If you’ve used a large loan to buy your car, then you may want to consider GAP insurance. If your car is written off or stolen, you don’t want to be left owing money for a car you no longer have. GAP insurance can lessen this risk when you buy your car.
If your car is on long term lease, you can be left with a lot of outstanding debt in the event your car is written off. In this case, GAP insurance can help pay that bill.
GAP insurance can also bring peace of mind to anyone who’s concerned by depreciation. If you have a model that depreciates quickly, this can become an issue if the car is written off as the payout will be a lot less than you paid for it.
Where can you buy GAP insurance?
Most people buy GAP insurance from the dealer when they buy their car. The salesperson will usually offer the cover and explain what it is, how much it will cost and what level of cover you’ll get. GAP insurance is not a legal requirement, so you are in no way obliged to buy it when the dealer offers it to you.
Dealer are also not allowed to sell you the GAP insurance on the same day you buy your car, because there has to be a two day cooling-off period by law. This gives you time to think about it and see if you can get it cheaper elsewhere.
You may be able to find a cheaper deal on GAP insurance by looking on price comparison sites or through independent brokers after you’ve bought your car.
How much is GAP insurance?
GAP insurance is usually paid on one lump sum at the start of the policy and can vary from £50 to £150 per year depending on a multitude of factors.
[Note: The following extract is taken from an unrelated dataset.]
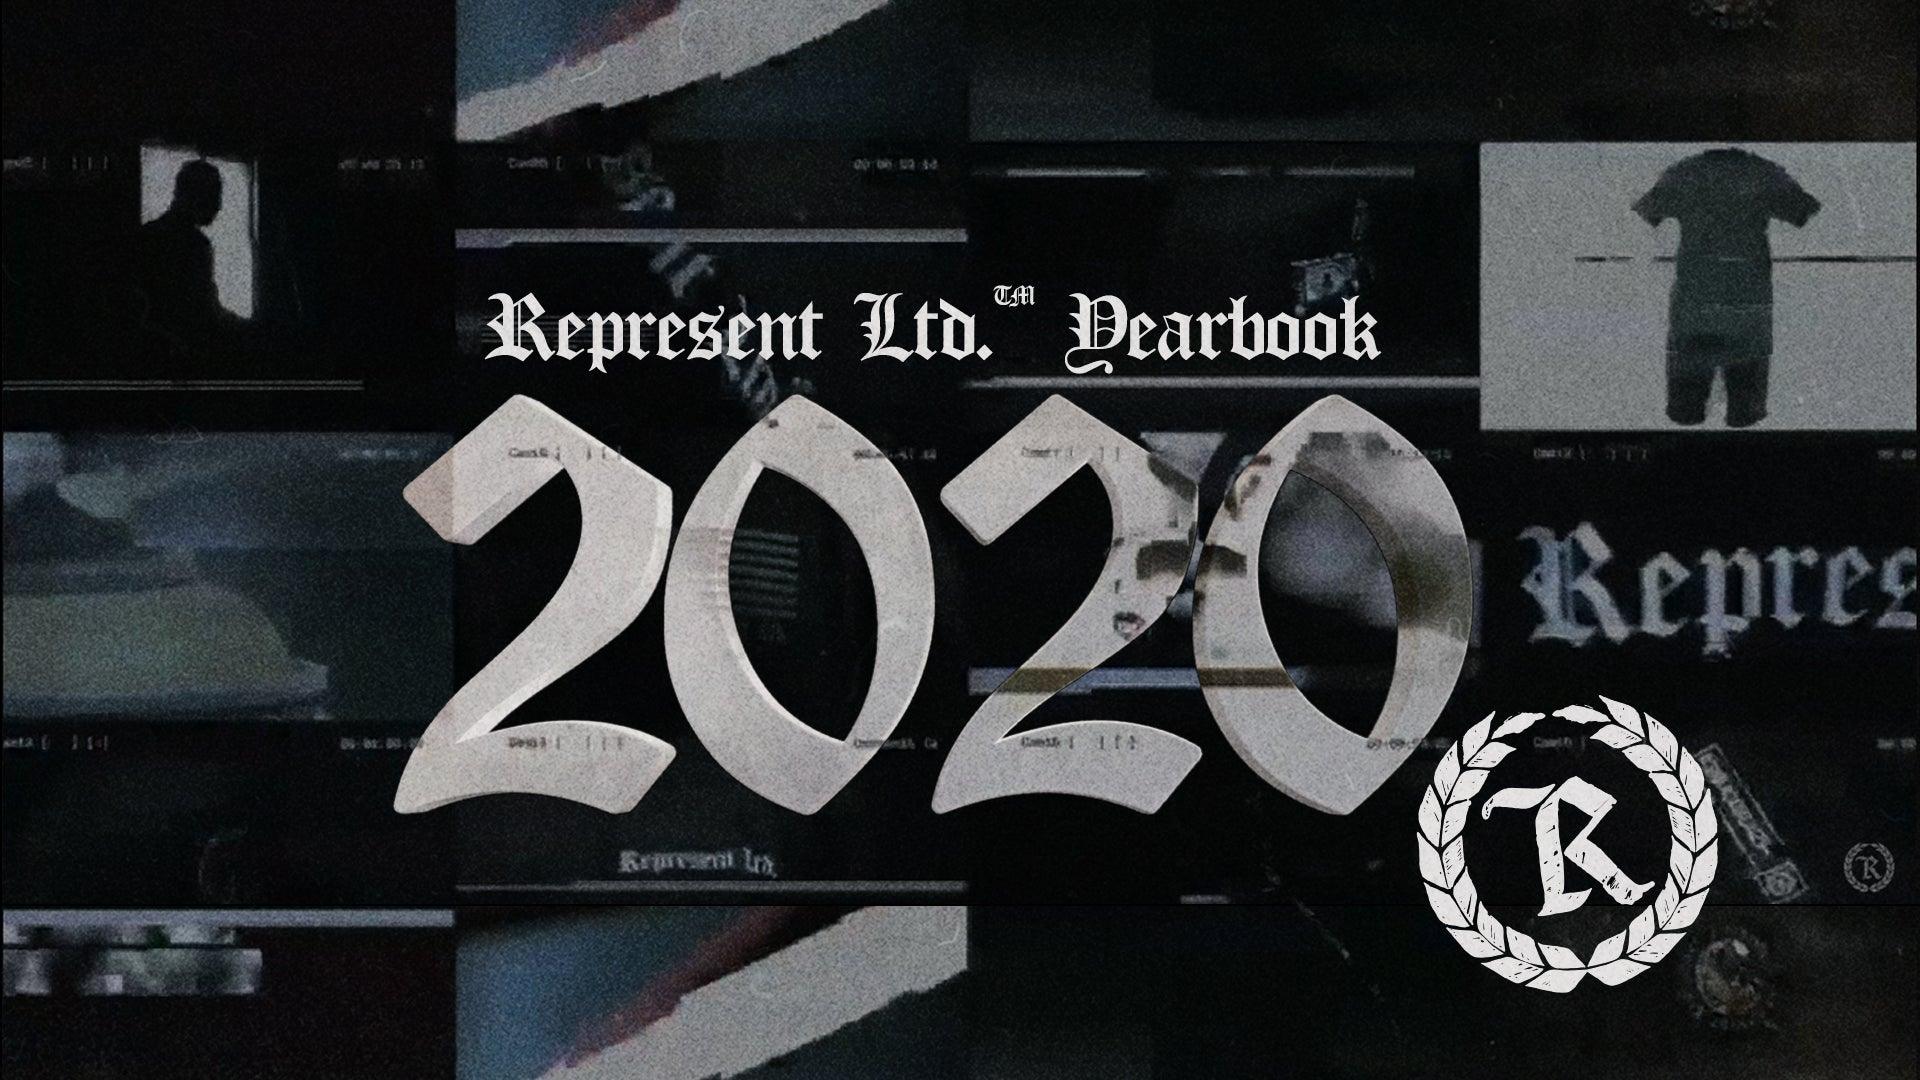 Represent Ltd.™ The Annual 2020 Yearbook - Represent Ltd.™

When shopping for GAP insurance, make sure to check the excess. This is the amount you pay out before the policy gives you any money. The higher the excess, the less the policy should cost you, but it will also pay out less in the event of a claim.
The length of the policy can also have an effect on the price. Most GAP insurance policies are three years long but it’s worth checking with your provider.
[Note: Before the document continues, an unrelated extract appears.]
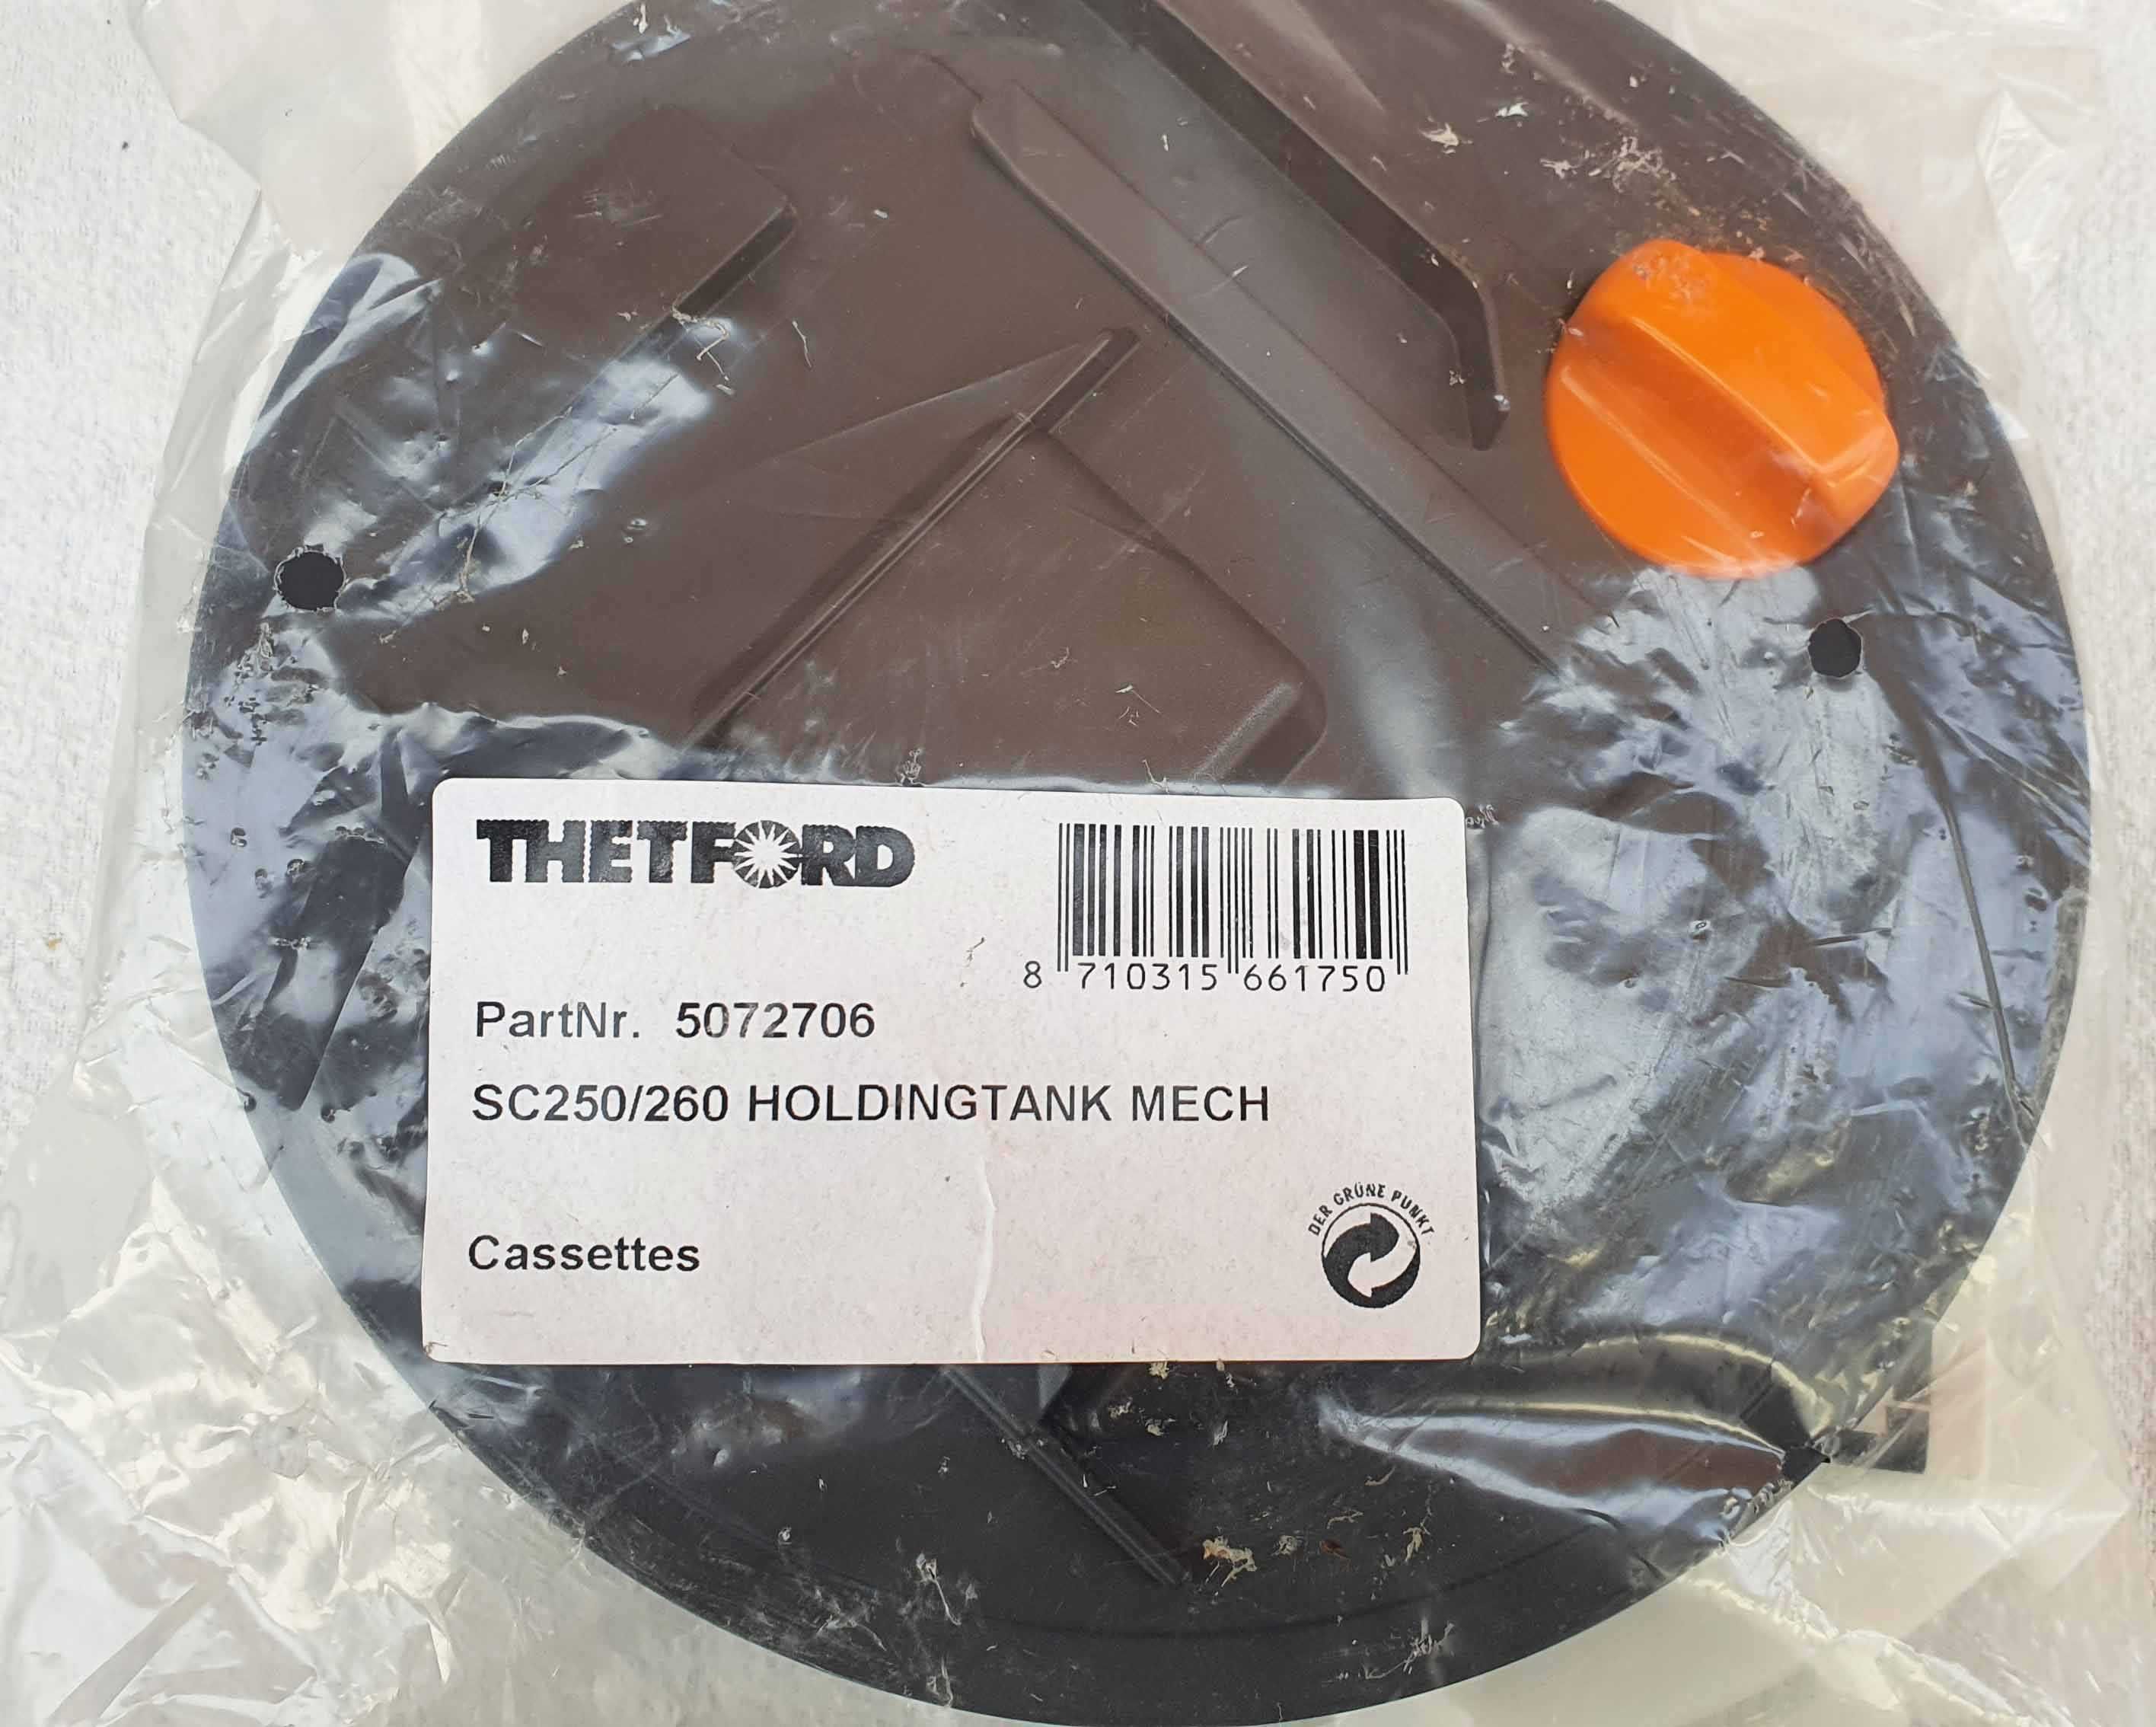 Thetford SC250 /260 rezervor de fecale si capac mecanism rezervor, noi

Can I get GAP insurance on a used car?
Yes, you can, but it’s less valuable when buying second hand. This is because cars take the biggest hit in depreciation when they’re new so you stand to lose more money if your car is written off than you would with a used car.
Can I get GAP insurance after I’ve bought a car?
This depends on the provider you choose, but in most cases, you won’t be able to buy GAP insurance on a car that is over three years old.
How do I claim on GAP insurance?
Once your insurance provider has offered you a settlement for your car, you can then contact your GAP insurance to get the ball rolling.
Check your GAP insurance terms and conditions first to see what paperwork you’ll need and what your excess is.
It’s also best to speak to your GAP insurance provider before accepting a settlement from your insurance company.
I’ve decided I no longer want GAP insurance, can I cancel my policy early?
Yes, you can. If you decide to cancel in the first 30 days, you should be entitled to a full refund minus any cancellation fees. Beyond that, you will be refunded a proportion of the original policy depending on how long it’s been running.